At Davos, Huawei’s founder and CEO Ren Zhengfei couldn’t avoid the spotlight. What he thought was a closed-door Q&A session turned out to be webcast live across the world and attended by a slew of journalists.

The founder of the Chinese telecommunications equipment maker with nearly $40 billion sales in 2013 prefers to stay away from cameras. (He said a press aide pushed him to keep his Davos commitment.) An interview he gave in 2013 to a group of New Zealand journalists after building Huawei into a private telecommunications giant over 26 years was his first ever.

On Thursday, the former officer in China’s People’s Liberation Army was direct about Huawei’s role in the cyber spy games that have escalated between China and the U.S.

For years Huawei has been part of the discussion that rose in tenor after Edward Snowden’s revelations of National Security Agency spying, which also included hacking into Huawei’s networks, according to reports in the New York Times and Der Spiegel.

In 2012, a U.S. congressional committee recommended barring Huawei and China’s No. 2 telecommunications equipment maker ZTE from U.S. contracts because of the security threat posed.
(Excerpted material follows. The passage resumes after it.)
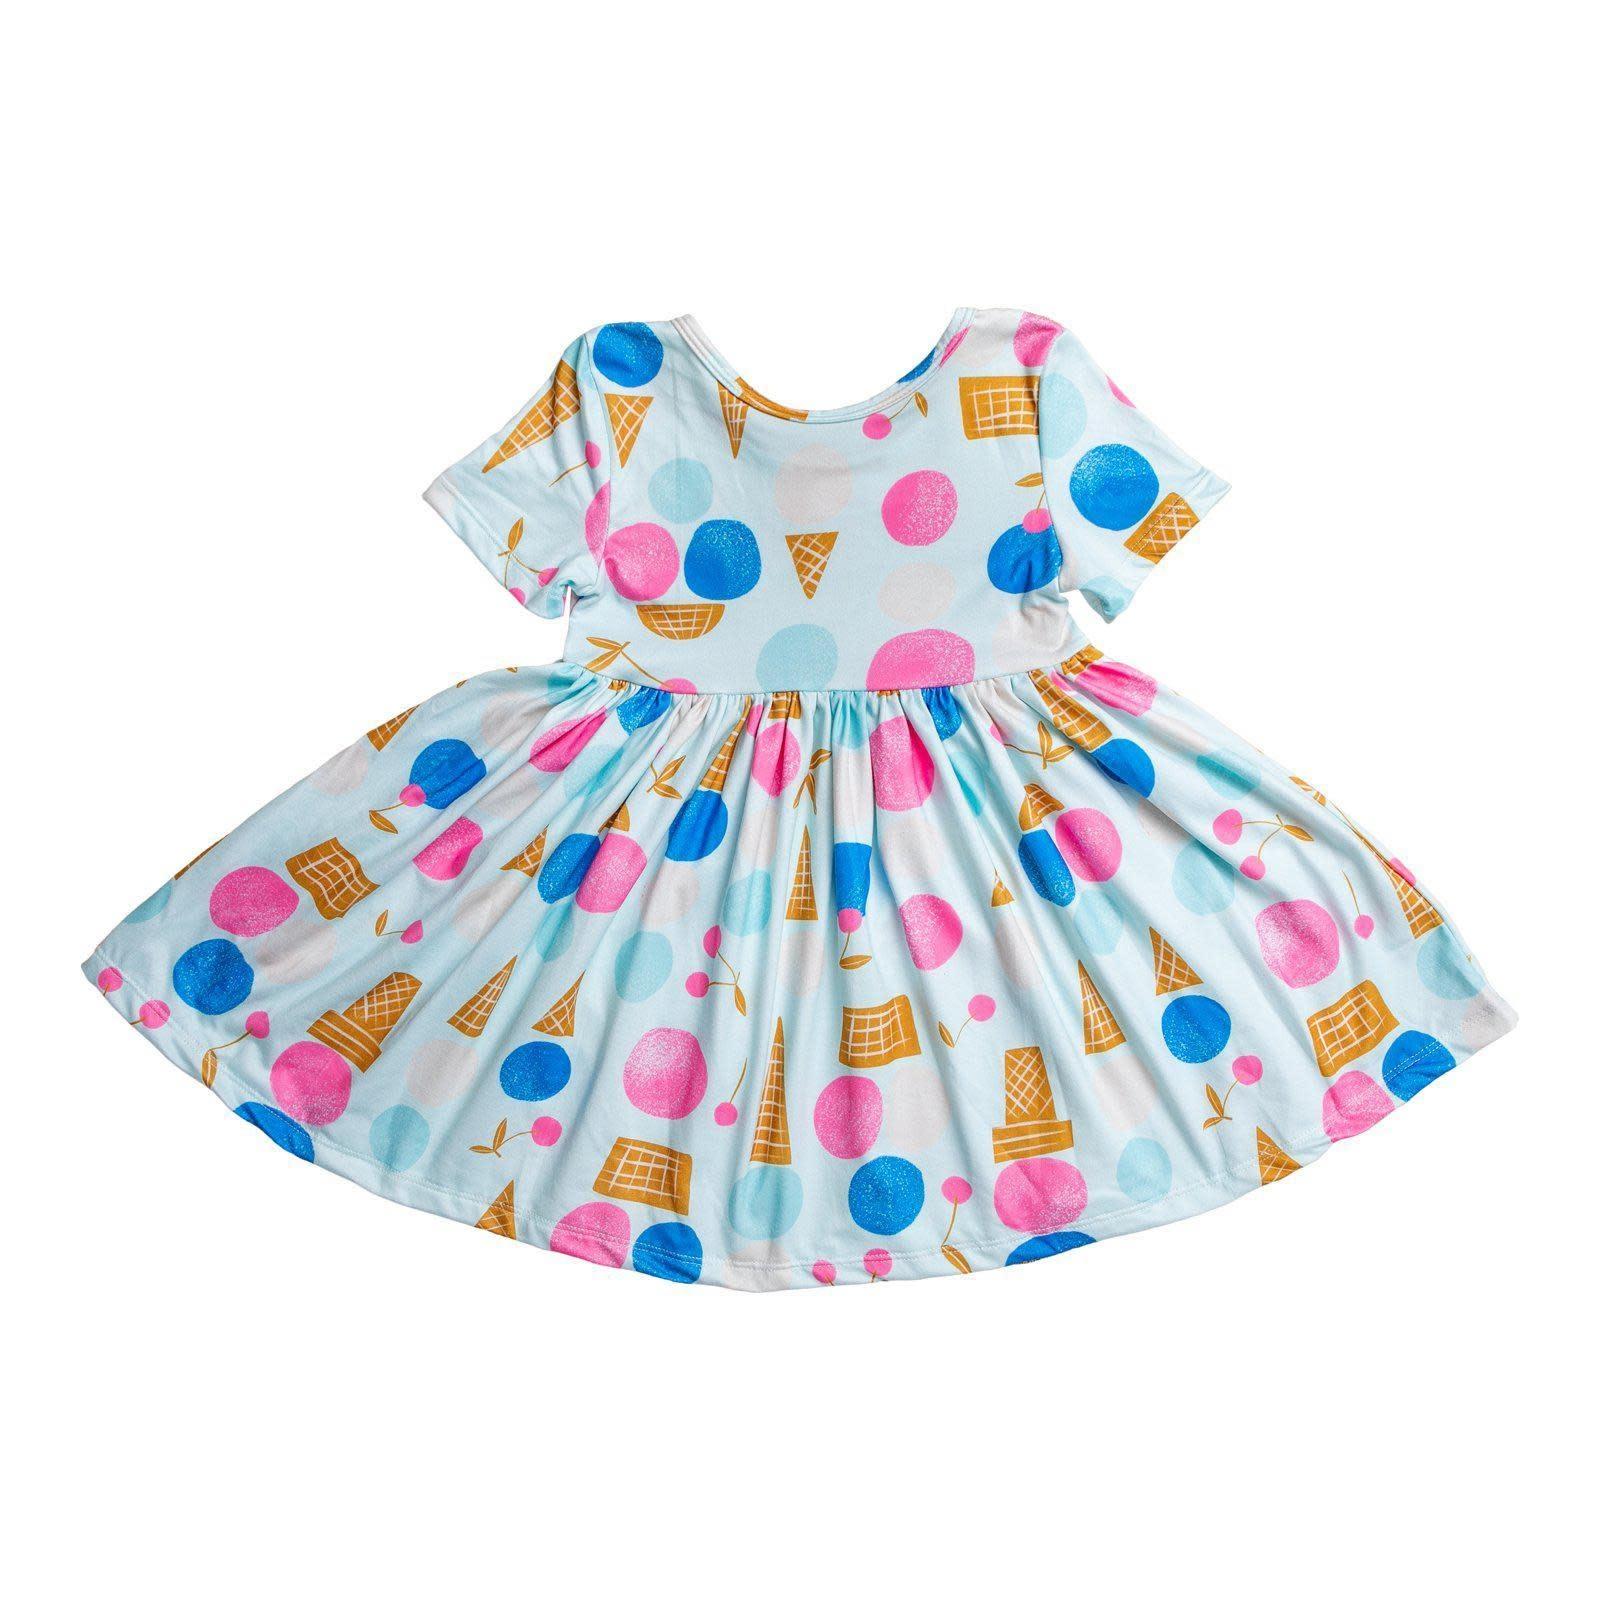 Mila & Rose We all Scream Twirl Dress

They alleged that Huawei’s networks in the U.S. sent information back to China.

Ren has already denied the allegations that Huawei is involved in hacking. In his 2013 interview with New Zealand journalists, he said Huawei had no part in cyberattacks in the U.S.

At Davos journalist Peter Goodman of the IB Times asked Ren whether Huawei has ever received requests from the Chinese government to tap into American networks.

“We have never received such a request from the Chinese government,” Ren said “We can’t penetrate into other systems.”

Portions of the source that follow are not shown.